**Assignment:**
Would you restate the listing word for word, with the images omitted?

**Source data:**
* * * * * * * * *

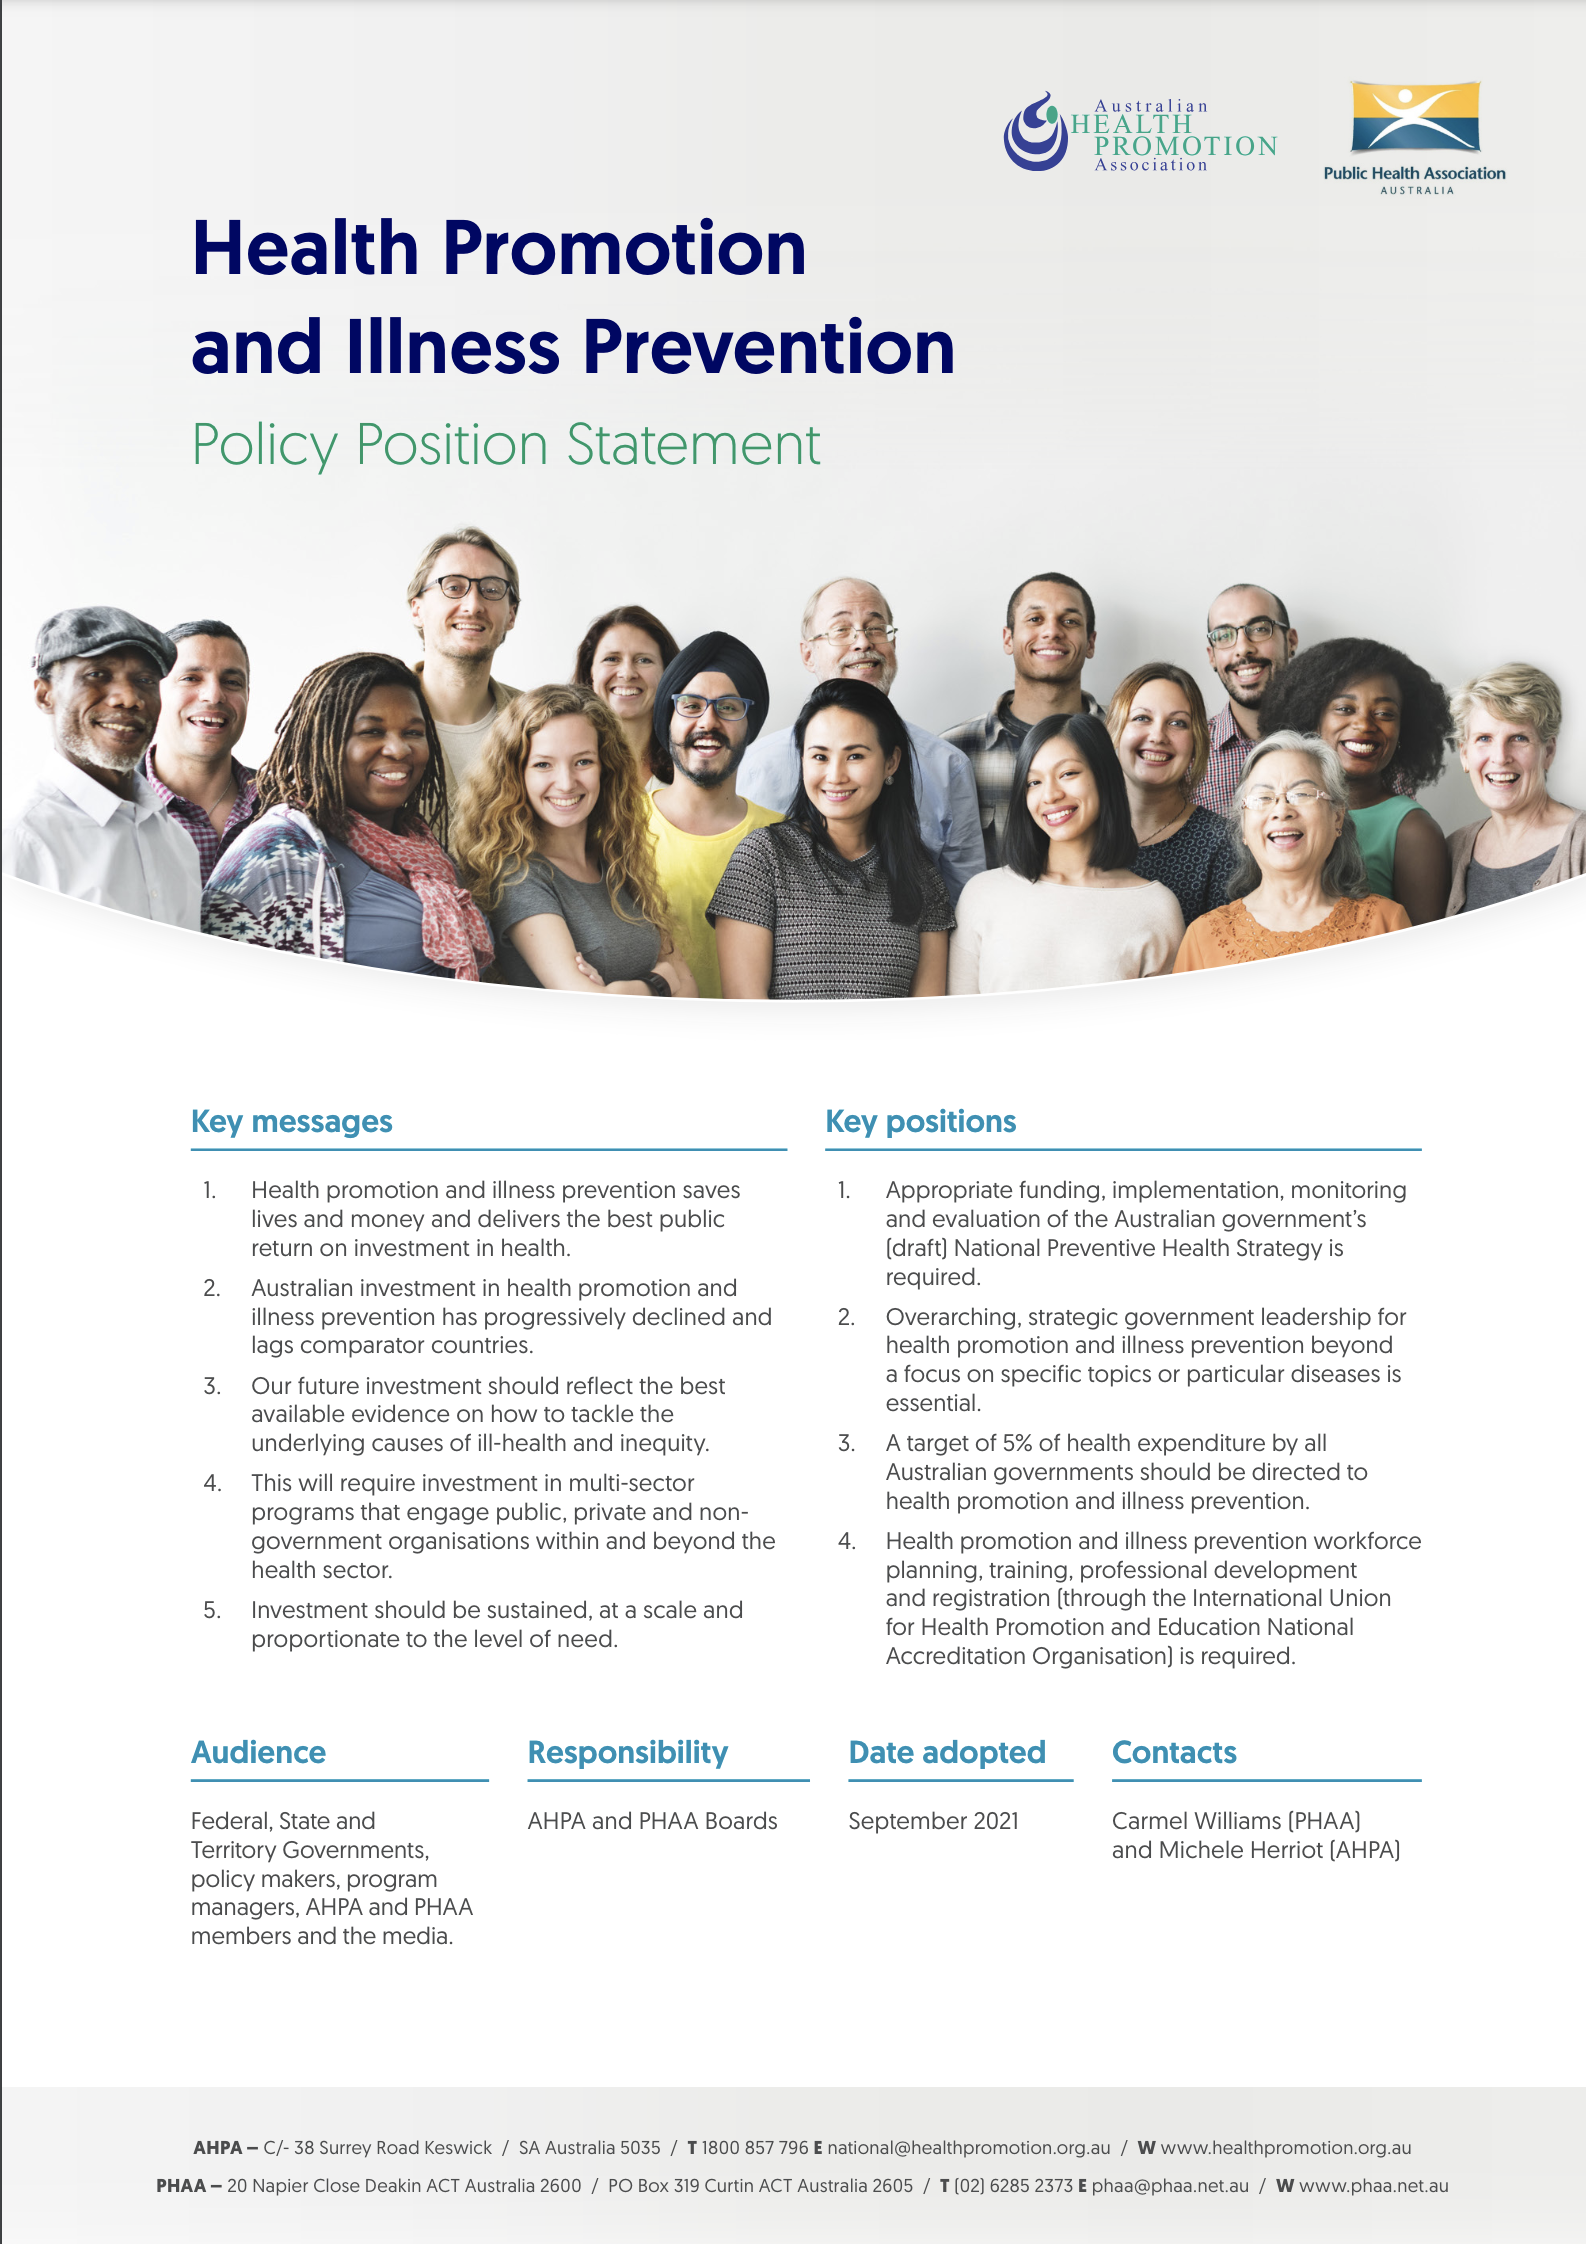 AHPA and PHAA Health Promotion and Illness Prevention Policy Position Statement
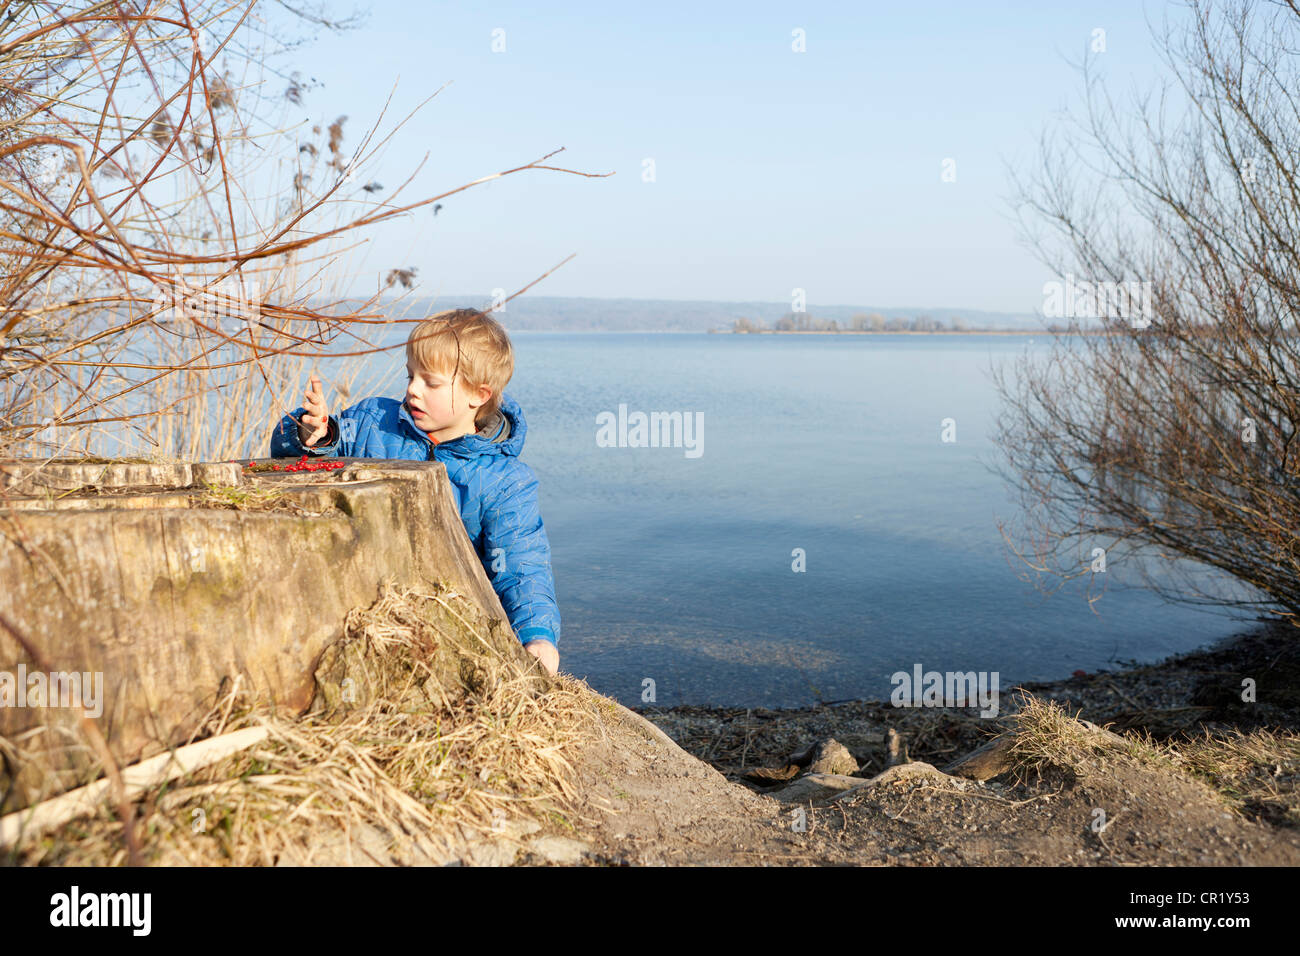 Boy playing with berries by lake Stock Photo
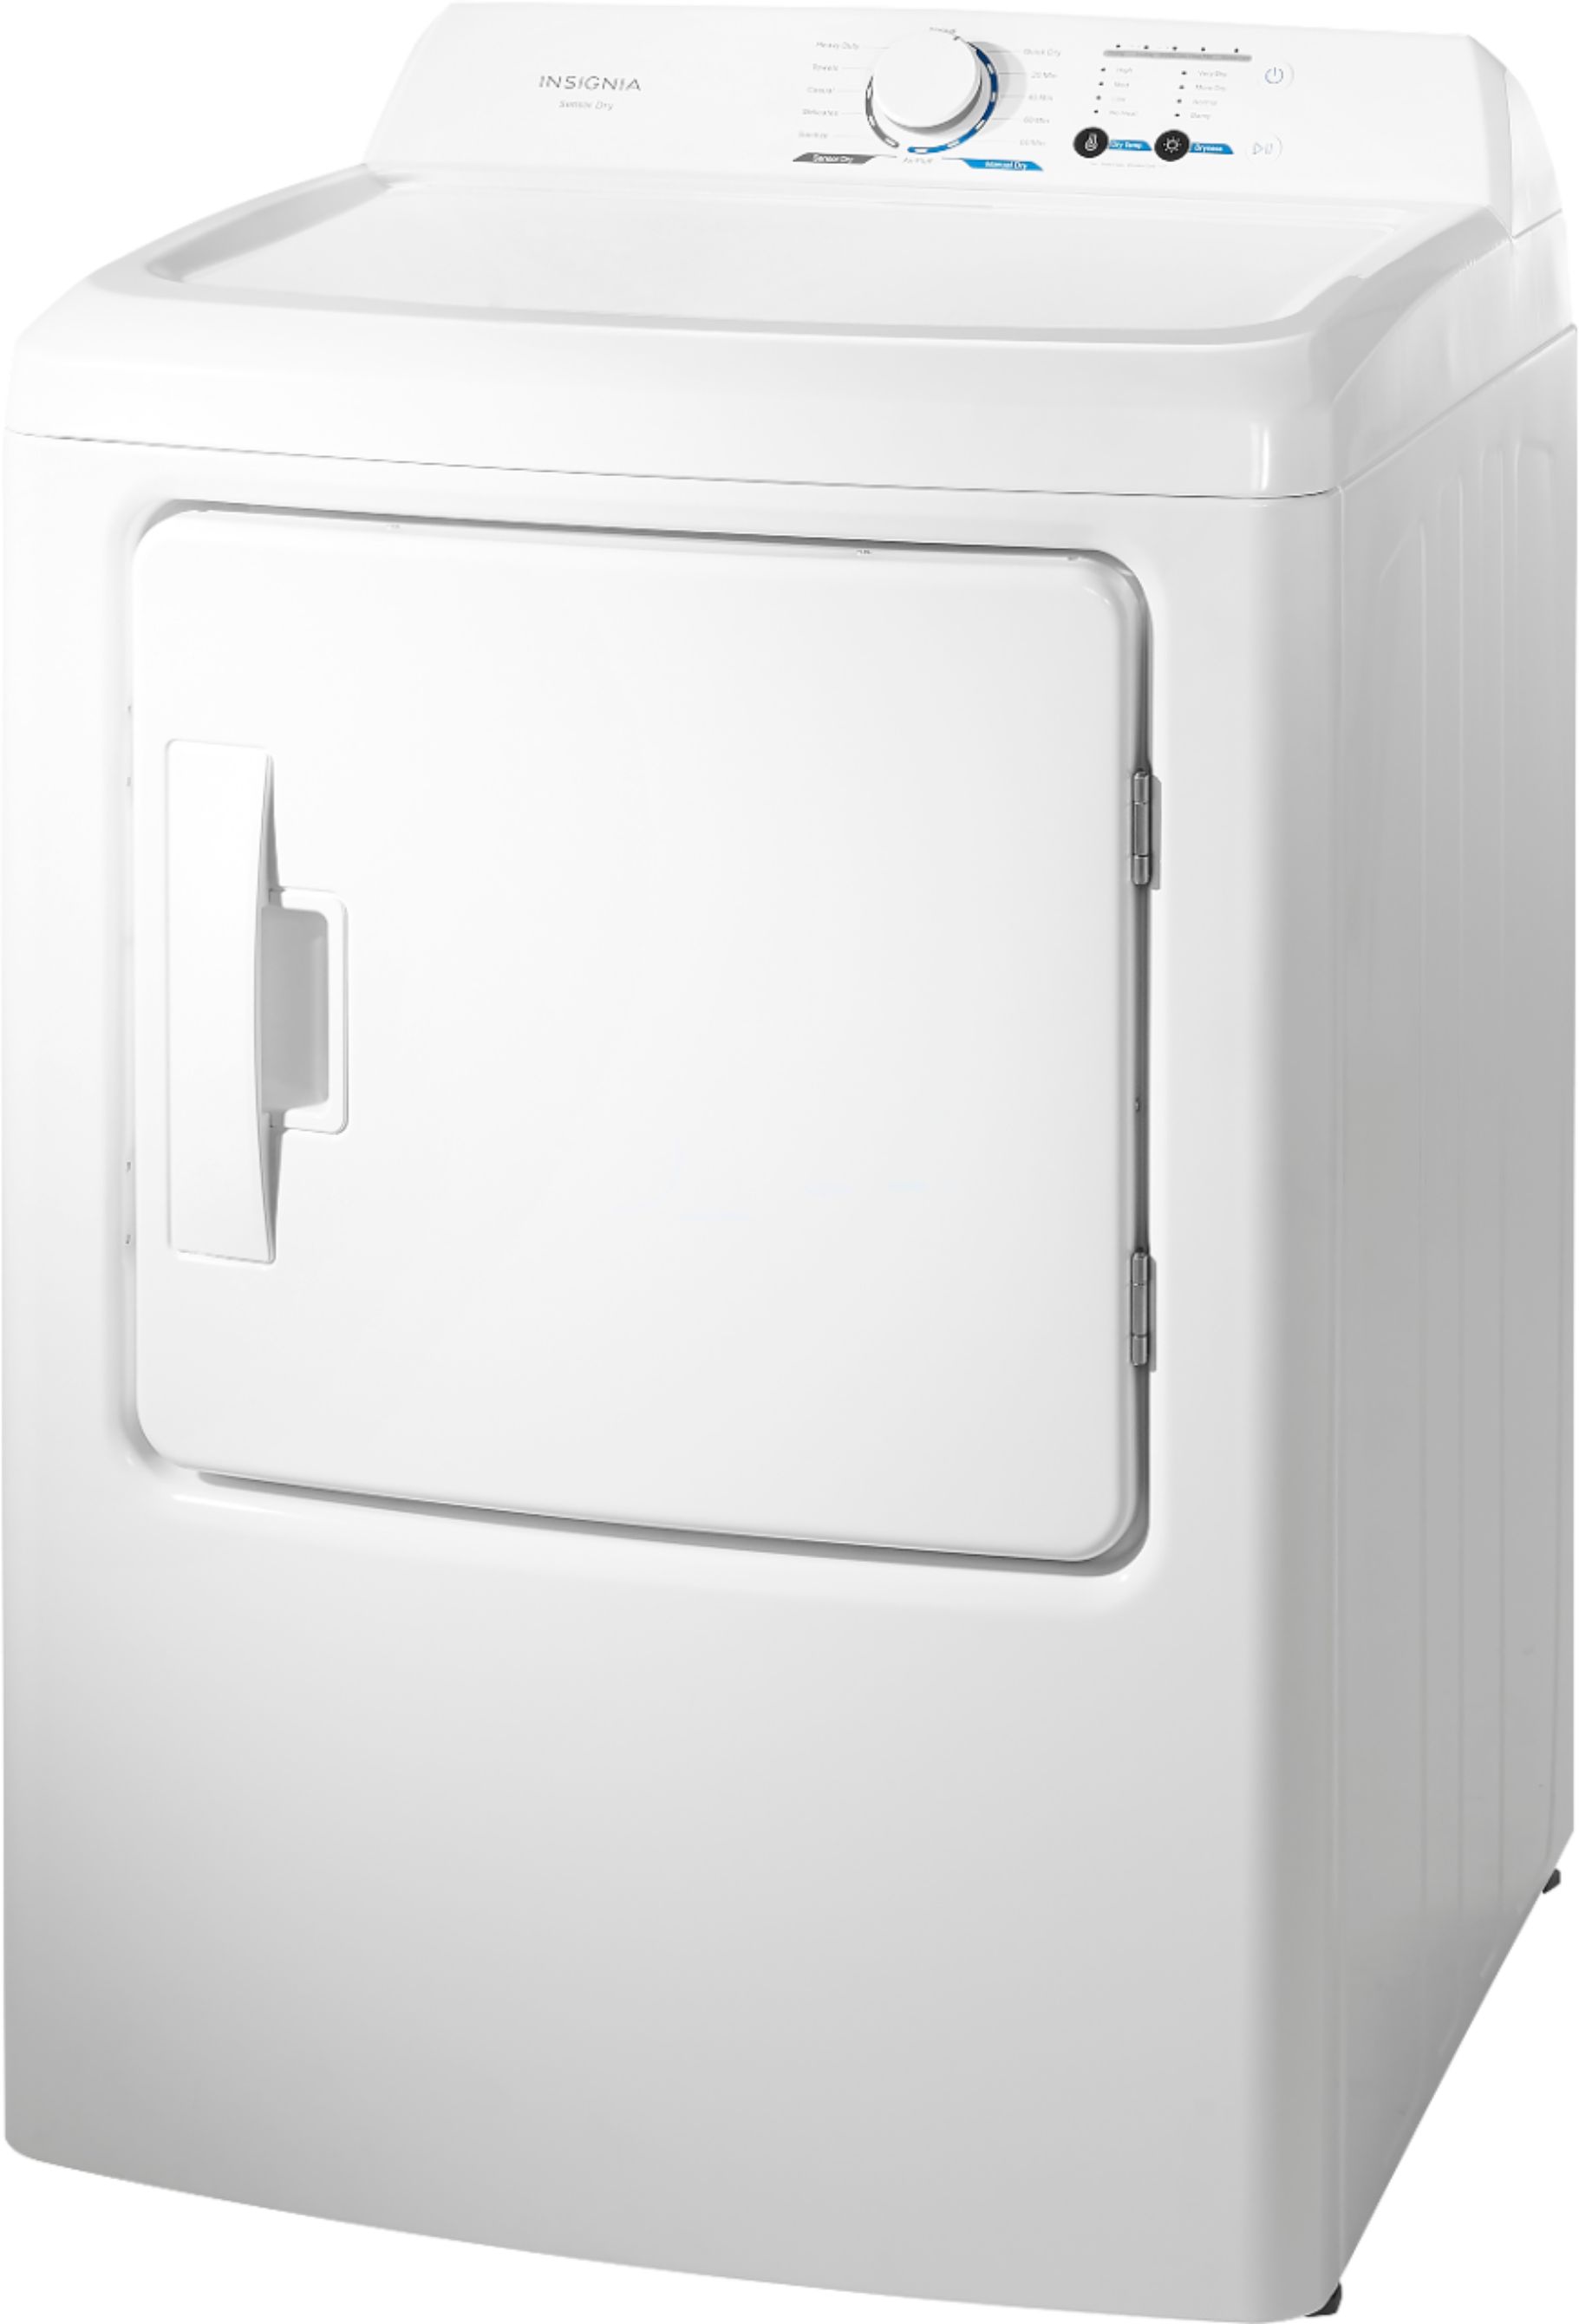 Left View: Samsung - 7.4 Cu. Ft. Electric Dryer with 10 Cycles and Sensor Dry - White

* * * * * * * * *

**Written reply:**
 AHPA and PHAA Health Promotion and Illness Prevention Policy Position Statement
 Boy playing with berries by lake Stock Photo
 Left View: Samsung - 7.4 Cu. Ft. Electric Dryer with 10 Cycles and Sensor Dry - White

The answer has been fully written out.